Козырнув флагу мы сходим по гулким сходням. На секунду в памяти всплывают тревоги, авралы, срочные погружения, на душе становится щемяще-тоскливо. На пирсе мы останавливемся. Командир лодки, заметив мое смятение, подходит на выгнутых, как у кавалериста, ногах, подаёт мне руку.
– Ну, что, студент, загрустил? Жалко расставаться? То-то! Сам виноват. Никто тебя за язык не тянул. Спорить с адмиралами все равно, что против ветра… Скажи спасибо, что так обошлось. Гляди, сколько у тебя попутчиков!..
Он кивает на матросов-дембелей, закуривающих первую сигарету на гражданке. Пожать мне руку подходит и замполит.
– Ну, бывай, Борис Перепёлкин!.. Задал ты нам перцу, ё-у-к-л-м-н.

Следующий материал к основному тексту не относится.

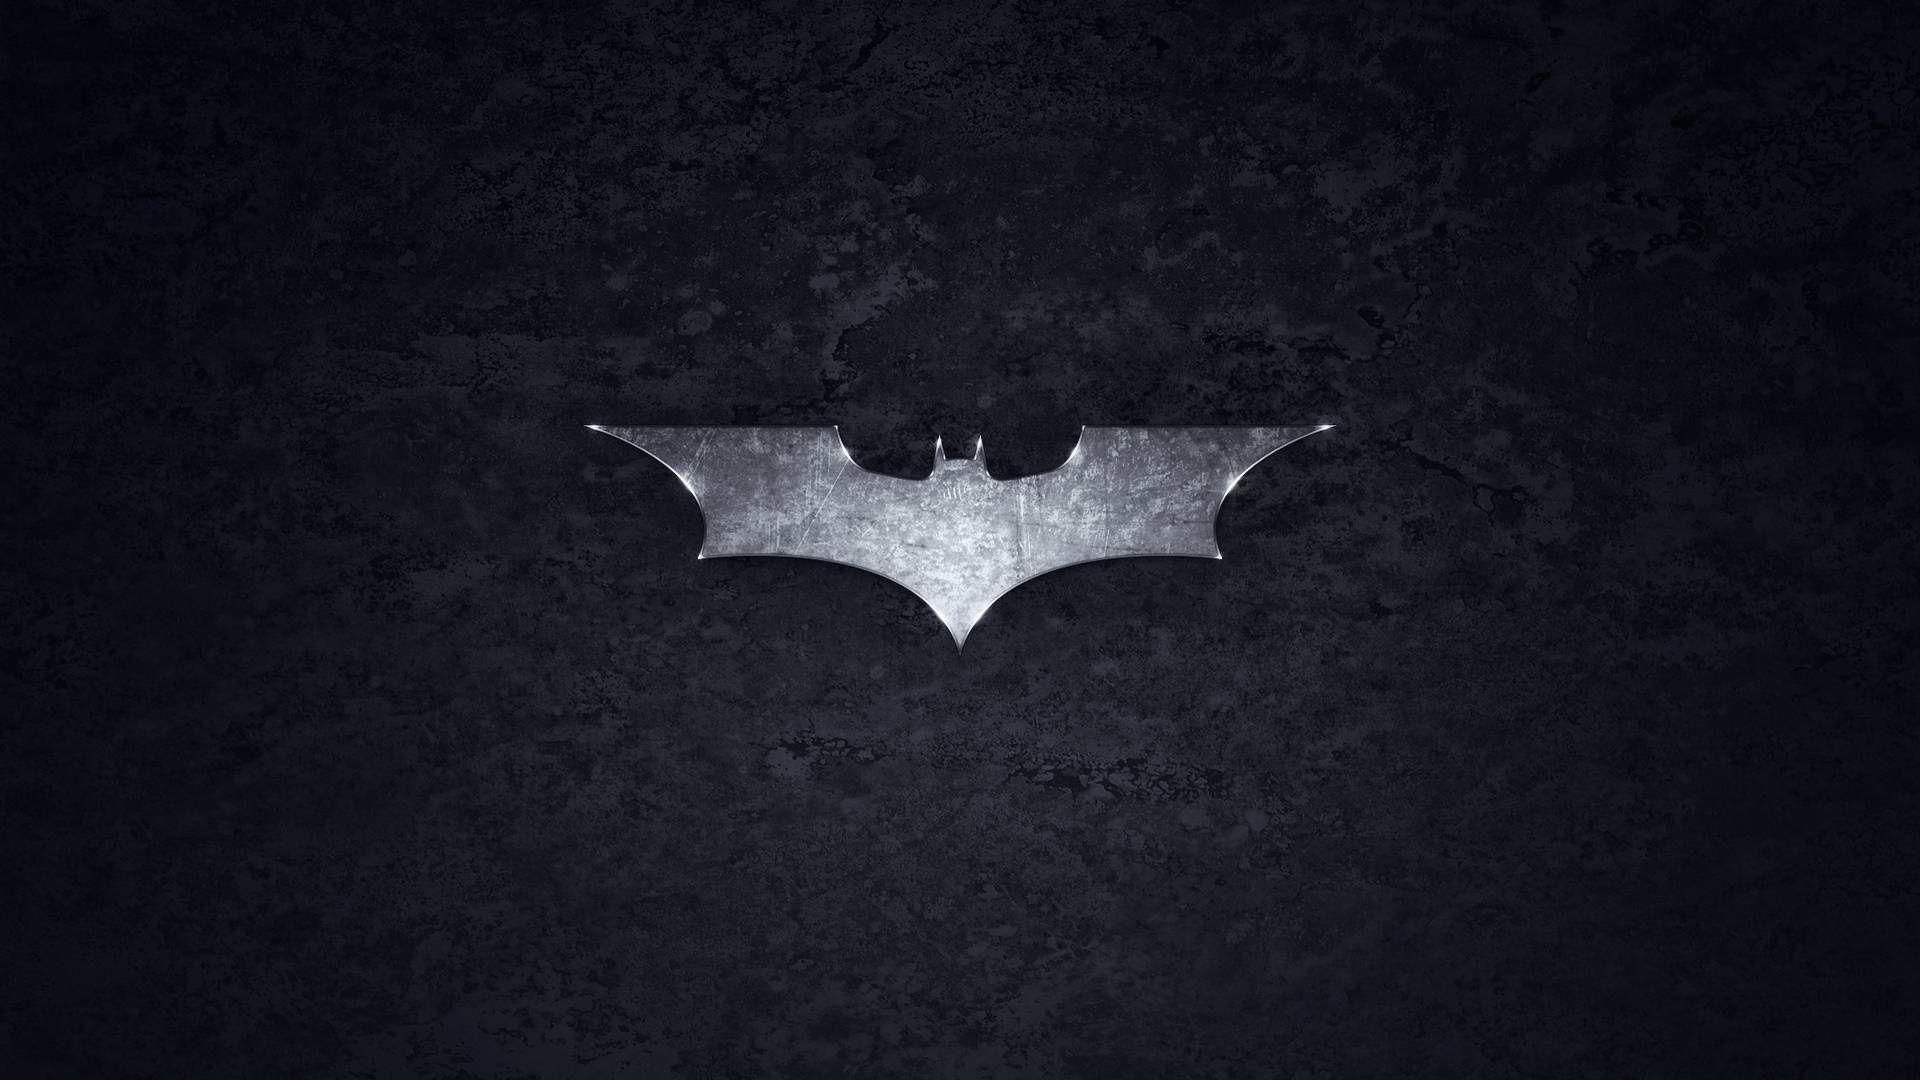 Hd wallpaper logo - Batman Black Logo Hd Widescreen Wallpaper

Мой тебе совет, Боря: не высовывайся впредь, живи тихо-мирно, главное – язычок попридерживай. Перестройка-перестройкой, а язычок все равно надо придерживать.
За ним гуськом подходят другие офицеры. Все молча жмут мне руку, только Маркс Осадчий, только что вернувшийся из отпуска, допытывается:
– Слушай, Боб! В чем соль спора с этим адмиралом?.. Я слышал, что ты самому командующему фитиль вставил на политсеминаре?.. Да, ладно!?.. Ну, держи петуха! Не на век прощаемся. Я тоже, между прочим, скоро подам на дембель. Если так пойдет!..
Провожающая нас команда, заслыша трель звонков громкого боя – «кораблю к бою и походу изготовить», стемительно возвращается на лодку, разбегается по постам и заведованиям. На пирсе становится пустынно и грустно, как на футбольном поле после матча. Белая чайка, планируя, садиться на причальную тумбу…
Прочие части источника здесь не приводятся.